Moments later, the vice president of the United States came to the phone. Hunter put his father on speaker and explained that he and Archer were sitting together with “Nikolay and Vadym.” No further elaboration about the Ukrainians’ names was needed: remember, Pozharsky had supped with Vice President Biden at the Café Milano and, well, everyone knew exactly who “Nicolay” Zlochevsky was. While the conversation mainly stayed at the level of pleasantries, Hunter stressed that the two Ukrainians “need our support.”
By the way, that information comes from that notorious font of Russian disinformation, Devon Archer.
It was just a few days later that Vice President Biden flew to Ukraine, where he duly pressured President Poroshenko to fire the prosecutor, Shokin, who was investigating Zlochevsky and Burisma. Biden warned that if Shokin was not fired, U.S. financial aid desperately needed by Kyiv would be withheld.
By the way, that information comes from that notorious font of Russian disinformation, Joe Biden.

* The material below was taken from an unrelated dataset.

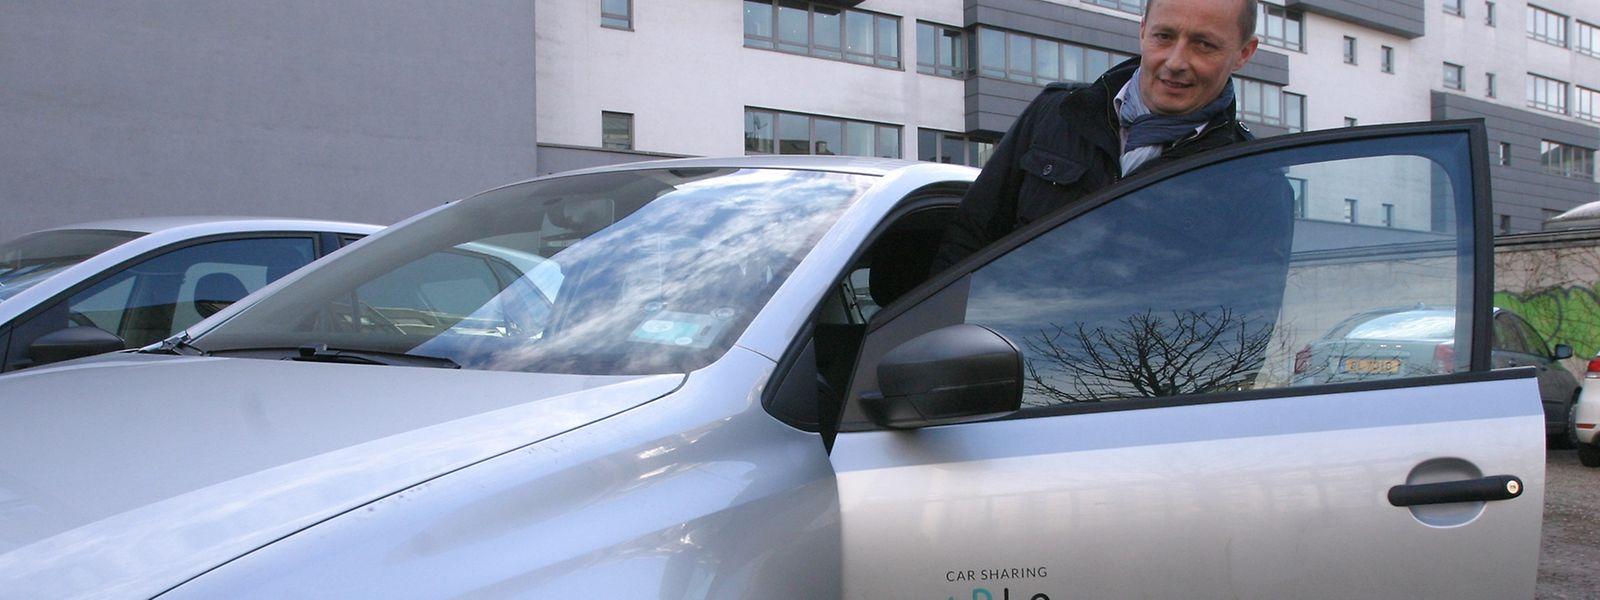 En moyenne, un client de Carloh couvre 44 km et dépense 81 euros par mois pour disposer d'une voiture quand il le souhaite.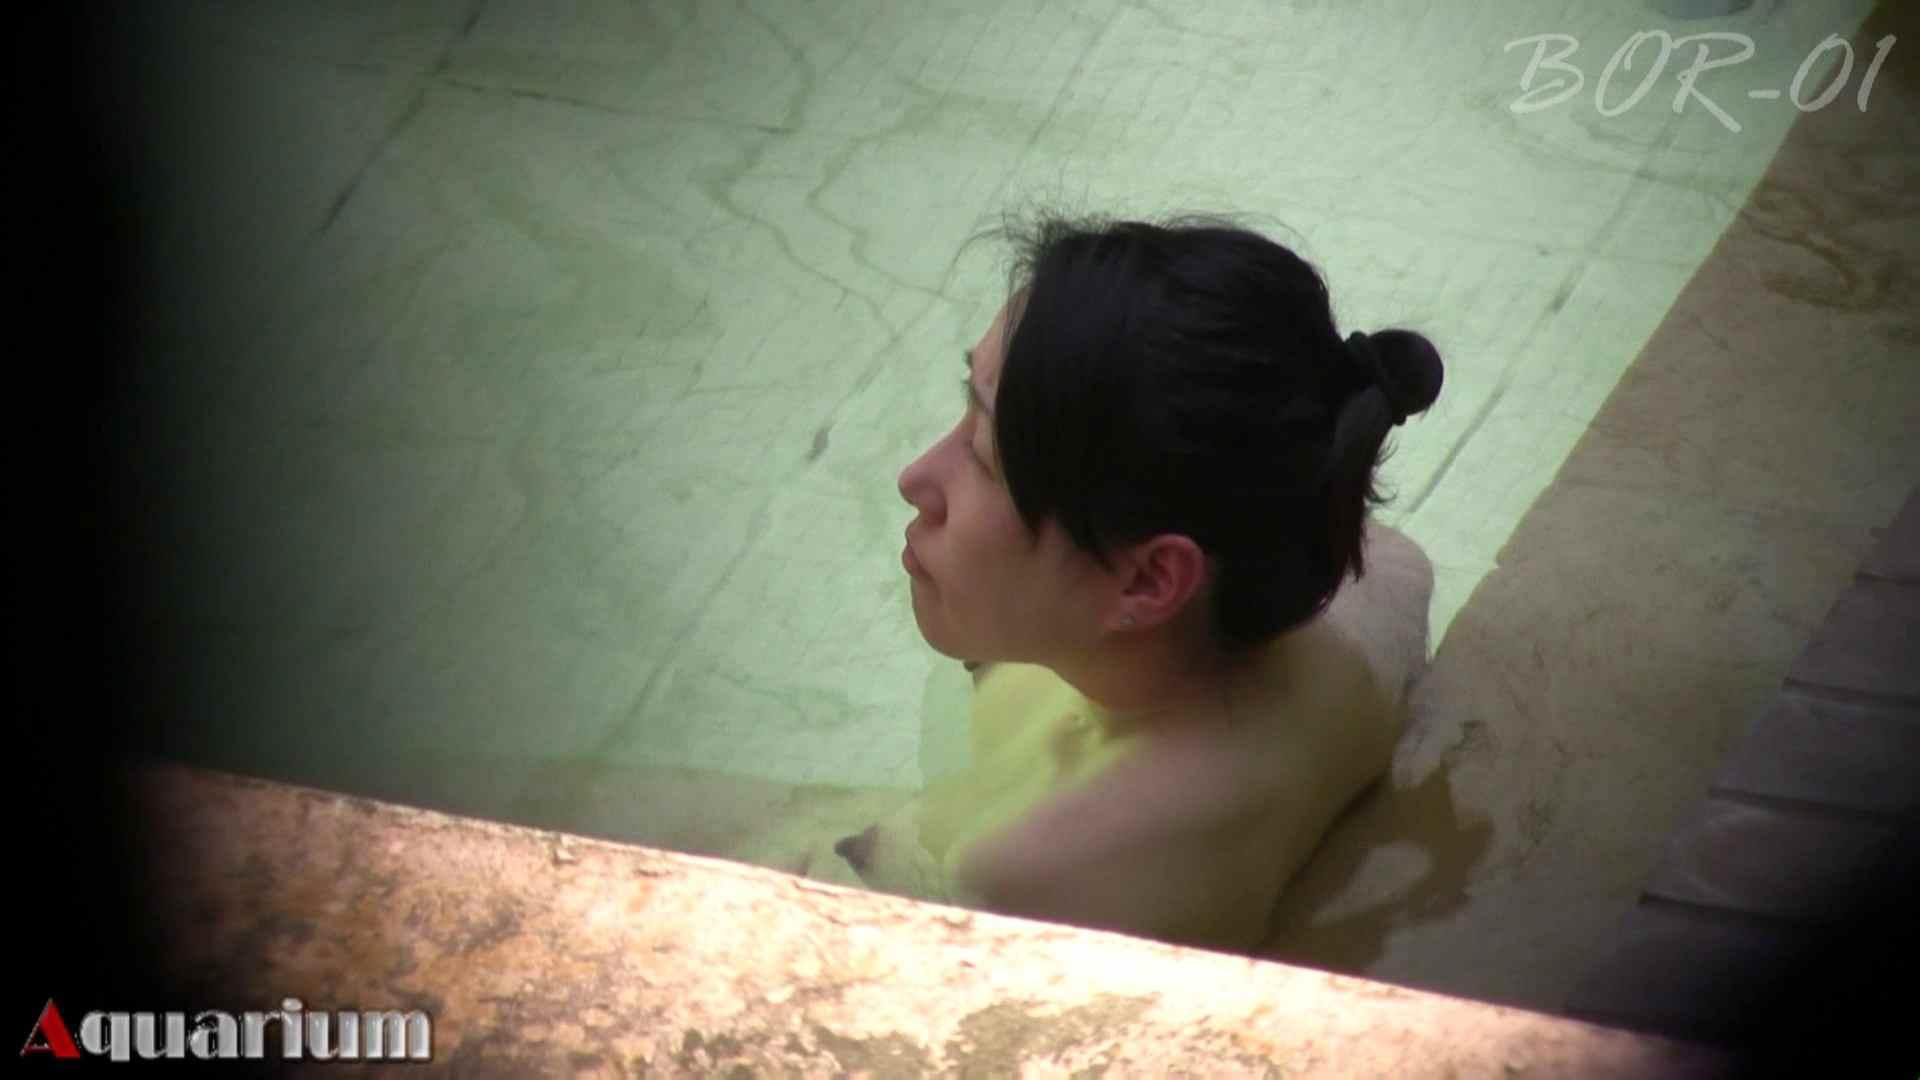 Aquaな露天風呂Vol.461 OLエロ画像  62PICs 27

Shokin was indeed fired in October 2016. When it finally happened, there was delirium at Blue Star Strategies, a lobbying firm with powerhouse Biden and Clinton ties. Hunter Biden had brought Blue Star in to champion the cause of Zlochevsky and Burisma, including to the U.S. government. On October 11, 2016, Scherwin emailed Blue Star’s Sally Painter gushing, “We won and in less than a year. Yea!!!” Painter gleefully responded, “Thanks. U brought us in so take a victory lap.”
Blue Star had not registered with the Justice Department under the Foreign Agents Registration Act. Now, you may be thinking: Isn’t it a felony to lobby the government on behalf of foreign concerns, such as Burisma and Zlochevsky, without registering under FARA? Well, yes. But see, that’s not a problem here, no siree, because “special counsel” David Weiss and the Biden Justice Department first allowed Blue Star to register retroactively, six years after the fact, and then quietly notified Blue Star that it was no longer a subject of the investigation.
But hey, at least Weiss is gonna nail Alexander Smirnov, right?